The rise, and absorption into the mainstream of Keynesian economics, which appeared to provide a more coherent policy response to unemployment than unorthodox monetary or trade policies contributed to the decline of interest in these schools.

After 1945, the neoclassical synthesis of Keynesian and neoclassical economics resulted in a clearly defined mainstream position based on a division of the field into microeconomics (generally neoclassical but with a newly developed theory of market failure) and macroeconomics (divided between Keynesian and monetarist views on such issues as the role of monetary policy).  Austrians and post-Keynesians who dissented from this synthesis emerged as clearly defined heterodox schools. In addition, the Marxist and institutionalist schools remained active but with limited acceptance or credibility.

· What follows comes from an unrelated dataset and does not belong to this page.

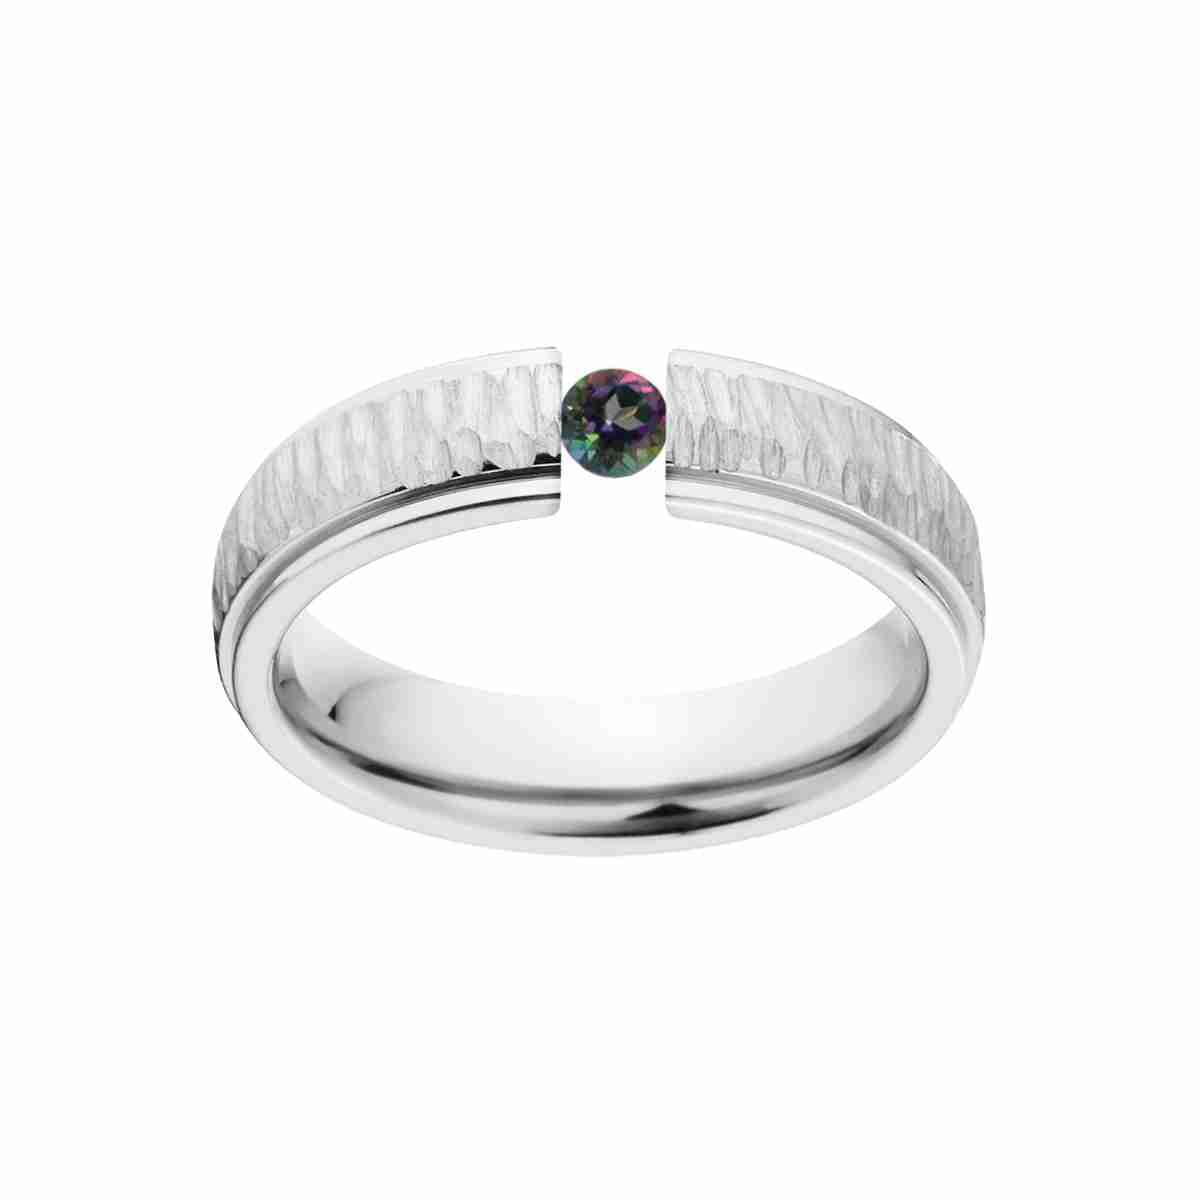 Mystic Topaz 5mm Stainless Steel Custom Tension Set Ring by Luxurien

Up to 1980 the most notable themes of heterodox economics in its various forms included:
 rejection of the atomistic individual conception in favor of a socially embedded individual conception;
 emphasis on time as an irreversible historical process;
 reasoning in terms of mutual influences between individuals and social structures.

From approximately 1980 mainstream economics has been significantly influenced by a number of new research programs, including  behavioral economics, complexity economics, evolutionary economics, experimental economics, and neuroeconomics. One key development has been an epistemic turn away from theory towards an empirically driven approach focused centrally on questions of causal inference. As a consequence, some heterodox economists, such as John B. Davis, proposed that the definition of heterodox economics has to be adapted to this new, more complex reality:

...heterodox economics post-1980 is a complex structure, being composed out of two broadly different kinds of heterodox work, each internally differentiated with a number of research programs having different historical origins and orientations: the traditional left heterodoxy familiar to most and the 'new heterodoxy' resulting from other science imports.

Rejection of neoclassical economics

There is no single "heterodox economic theory"; there are many different "heterodox theories" in existence. What they all share, however, is a rejection of the neoclassical orthodoxy as representing the appropriate tool for understanding the workings of economic and social life. The reasons for this rejection may vary. Some of the elements commonly found in heterodox critiques are listed below.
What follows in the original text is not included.